Hanna Mikhail, nome de guerre Abu Omar, (حنا ميخائيل; 1935–unknown) was a Palestinian scholar and a Fatah member who disappeared in 1976.

==Early life and education==
Mikhail was born in Ramallah, Mandatory Palestine, in 1935. He hailed from a Christian family whose members were part of the Quaker community in Ramallah. Hanan Ashrawi is Hanna's cousin.

Mikhail graduated from the Friends School in Ramallah. Then he went to the US for university education when he got a scholarship. There he obtained a degree in chemistry from Haverford College and his Ph.D. in political science from Harvard University. His thesis was entitled Politics and Revelation: Mawardi and After, and Mikhail's supervisor was the Israeli Orientalist Nadav Safran. It was published by the Edinburgh University Press in 1995. The preface of the book was written by Edward Said. Its Arabic edition was also published.

==Career and activities==
Following his graduation Mikhail joined Princeton University as a lecturer. He then taught at the University of Washington.

Mikhail left his teaching position in the summer of 1969 and settled in Jordan where he became a member of the Fatah movement. He was part of the left wing of the group. Mikhail was active in the formation of the Palestine Liberation Organization's (PLO) international relations and information departments. He acted as a spokesperson of the Fatah and accompanied foreign journalists visiting the refugee camps, the military bases and camps. He helped the production of an Italian film on the Palestinian resistance movement for which the script was written by Romano Ledda in collaboration with Wael Zwaiter. Mikhail also arranged various conferences, festivals, and collaborative committees and was active in the management of the International Solidarity Camp based in Amman to improve the relations between Western Europeans and the Palestinian revolutionaries.

Mikhail and other PLO members left Jordan in 1971 after the events known as Black September and resided in Beirut. There, Mikhail served at the PLO's Palestinian Research Centre and the Planning Centre. He was made a member of the editorial board of Shu'un Filastiniyya. He was also information adviser to the PLO leader Yasser Arafat.

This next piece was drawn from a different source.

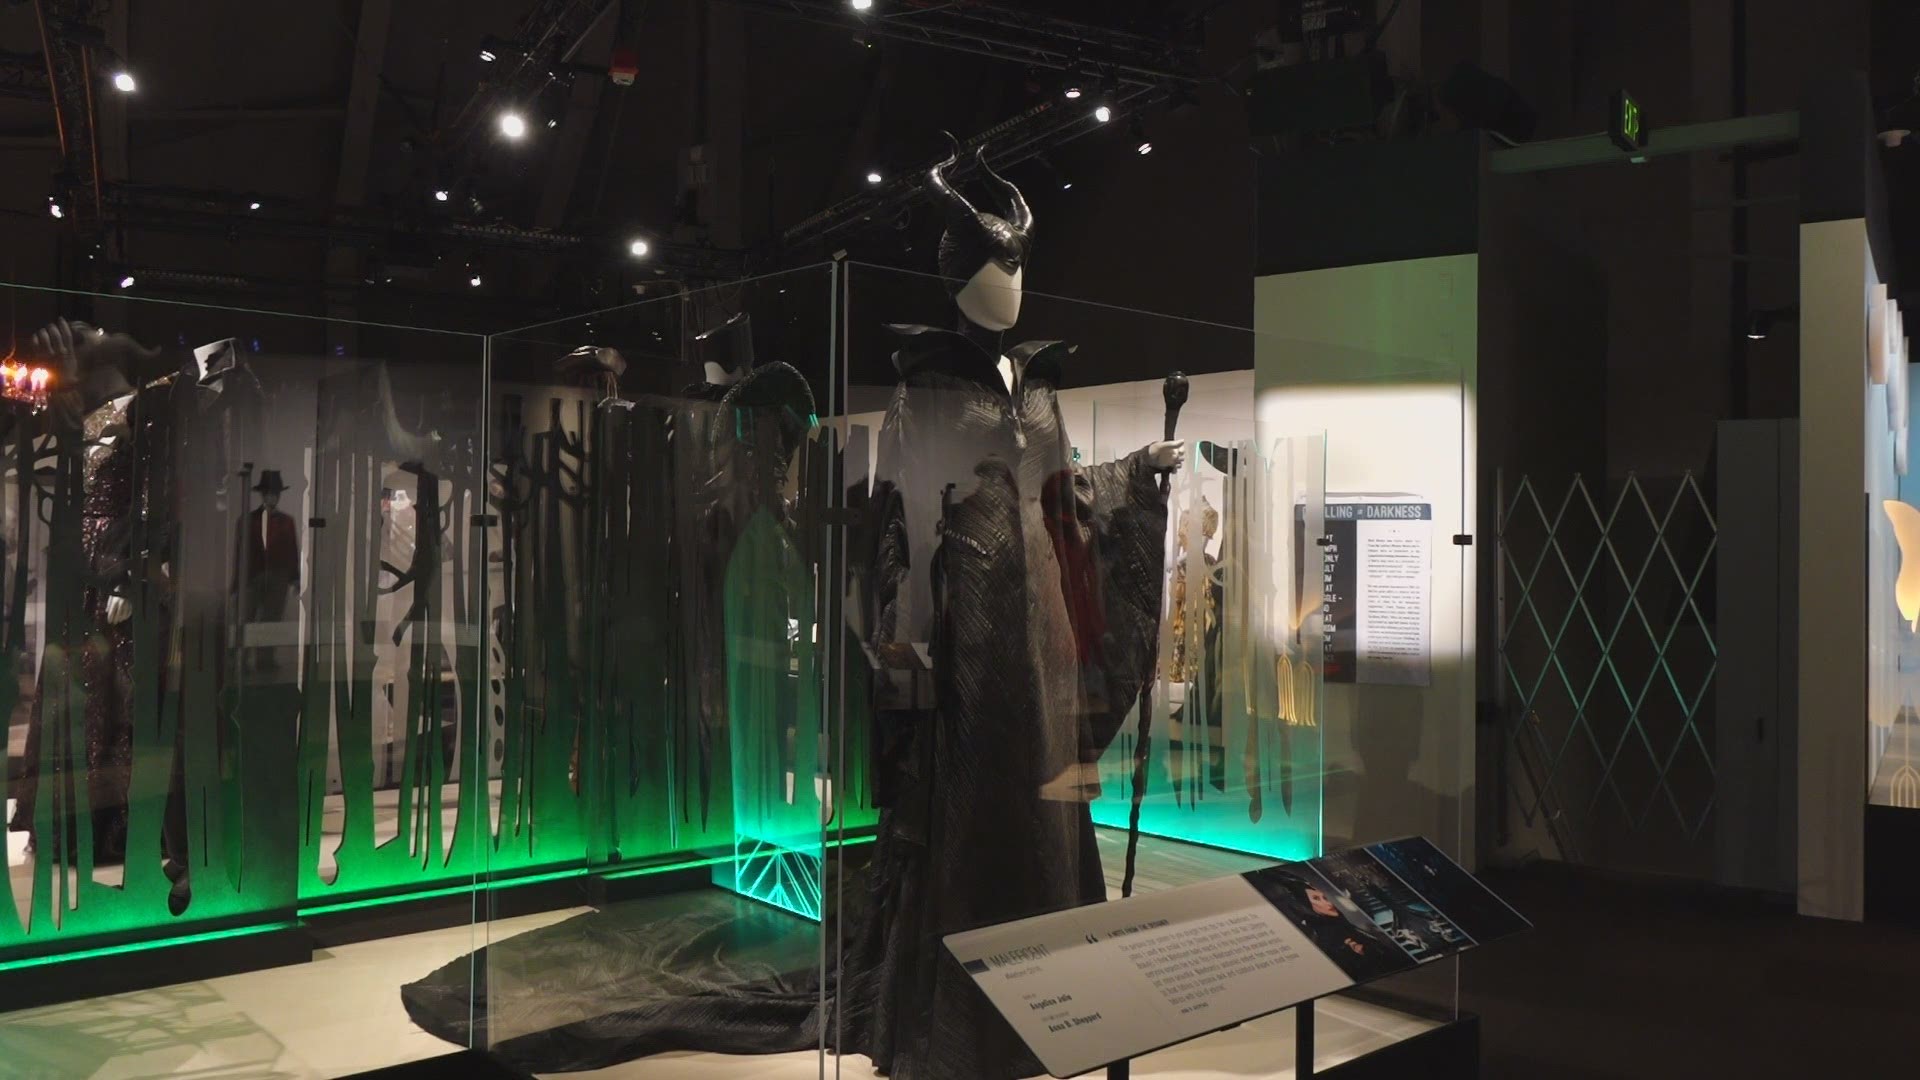 The "Heroes & Villains: The Art of the Disney Costume" immersive experience will open at the Museum of Pop Culture on June 5.
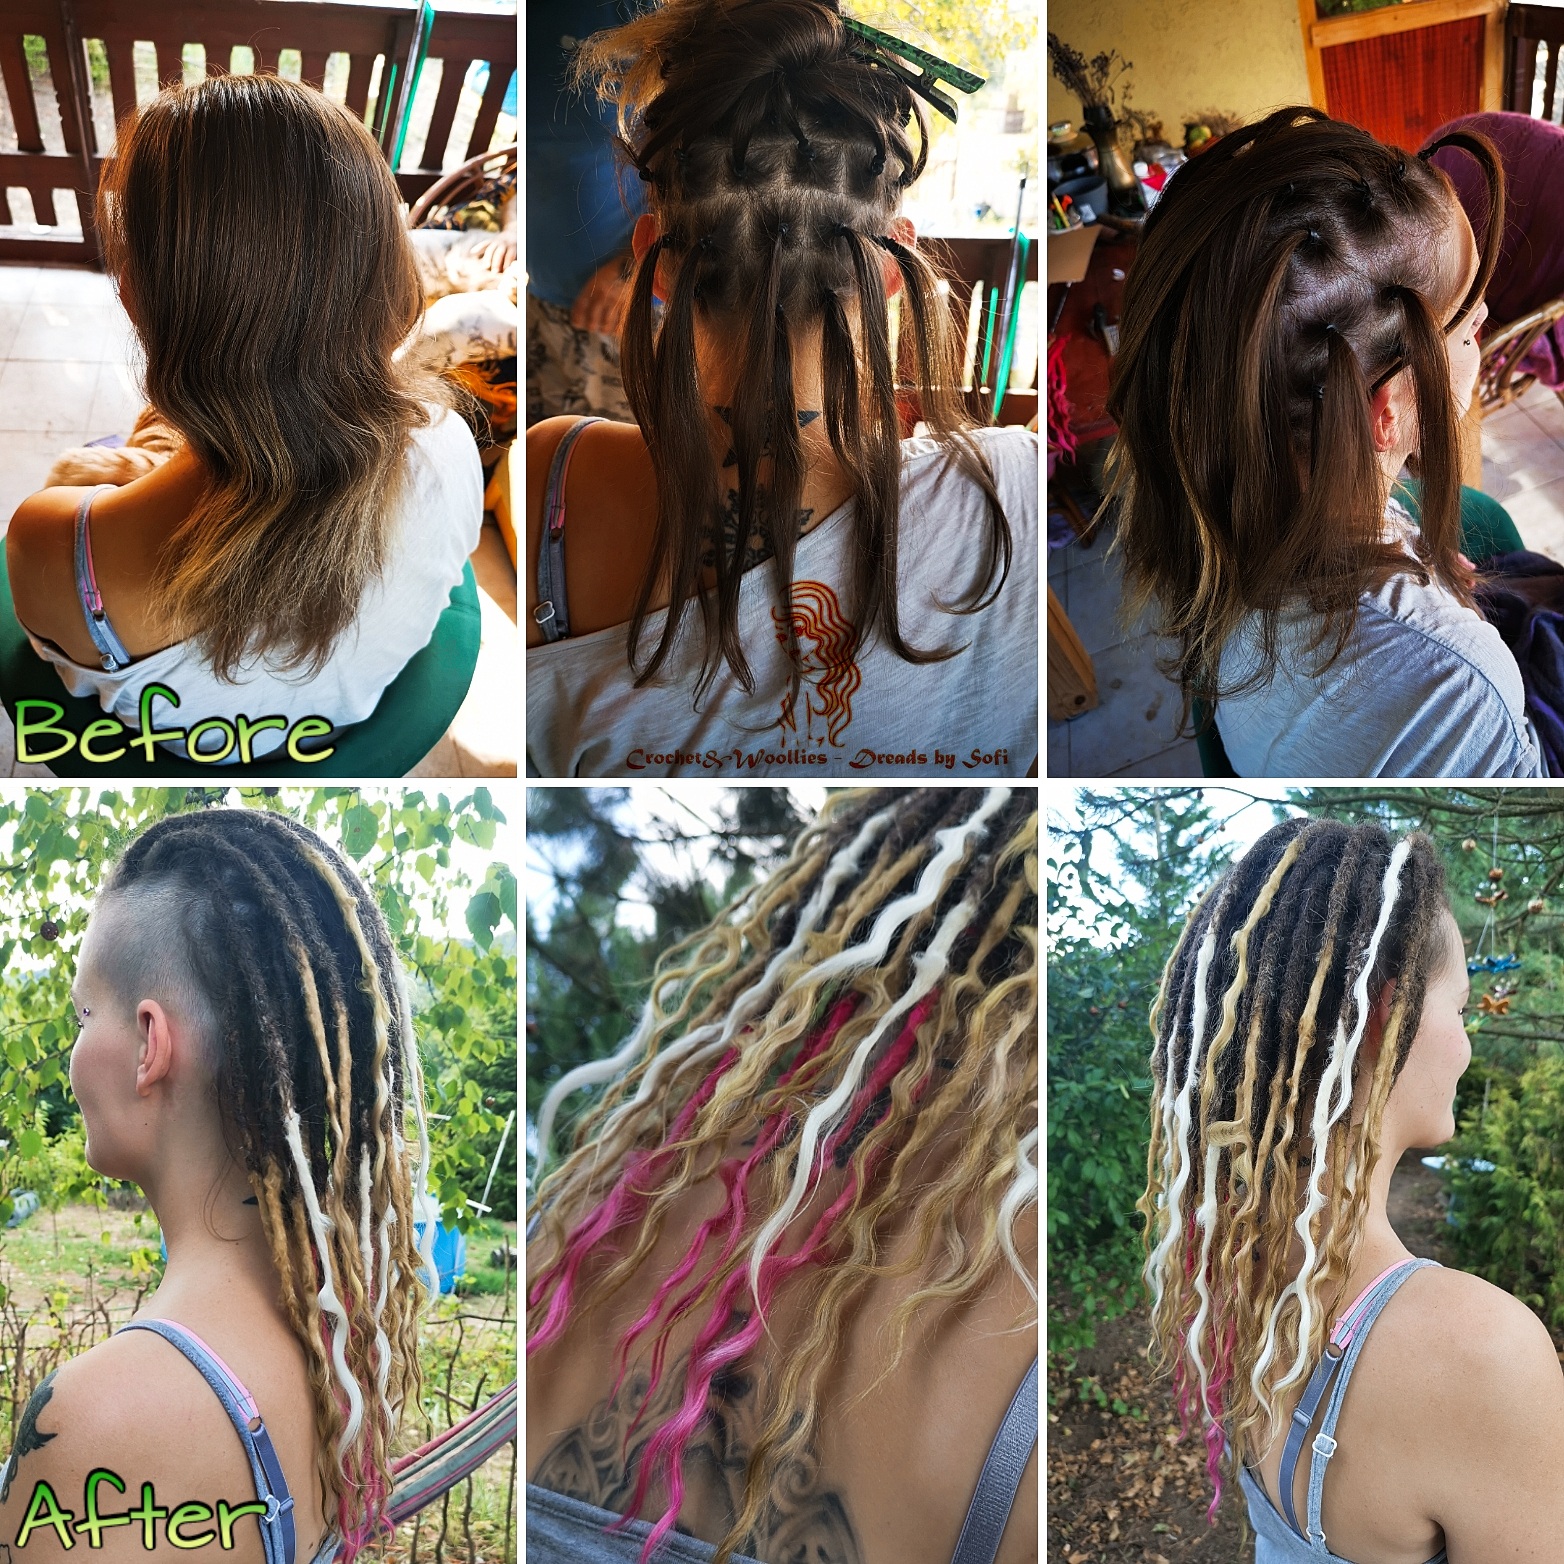 Dreads by Sofi - Real dreads

Mikhail's scholarly work was destroyed during the invasion of Beirut by the Israeli forces in 1982.

==Personal life==
Mikhail's first wife was an American woman, and they divorced in 1966. He married Jehan Helou in Beirut in 1972. She was also part of the PLO. Their wedding ceremony was officiated by Edward Said's father-in-law, Emile Cortas.

One of Mikhail's close friends was Edward Said. Another was the French writer Jean Genet.

==Disappearance==
Mikhail was sent by Yasser Arafat to a refugee camp in Tripoli to investigate ongoing turmoil in July 1976. The area was under the control of the Phalange forces. He was accompanied by nine PLO members and two sailors. The group attempted to go to the camp by sea from Beirut. However, the fiberglass boat carrying them went missing. After this incident no news about him has been received.

The case was examined by the International Committee of the Red Cross, but it did not reach a conclusion. It is thought that he was arrested by the Phalange members and murdered by or surrendered to the Syrians. The Christian Science Monitor reported in September 1976 that Mikhail and his companions were secretly imprisoned by either Syrian or the Phalange forces.

==Legacy==
The PLO gave Mikhail the title of martyr. In Jean Genet's Un captif amoureux (1986; Prisoner of Love) the main character is Abu Omar referring to Hanna Mikhail. A seminar entitled Intellectuals and Revolution: On the 40th Anniversary of the Disappearance of Hanna Mikhail (Abu Omar) was organized by the Birzeit University in cooperation with the Institute for Palestine Studies in Birzeit on 22 November 2016.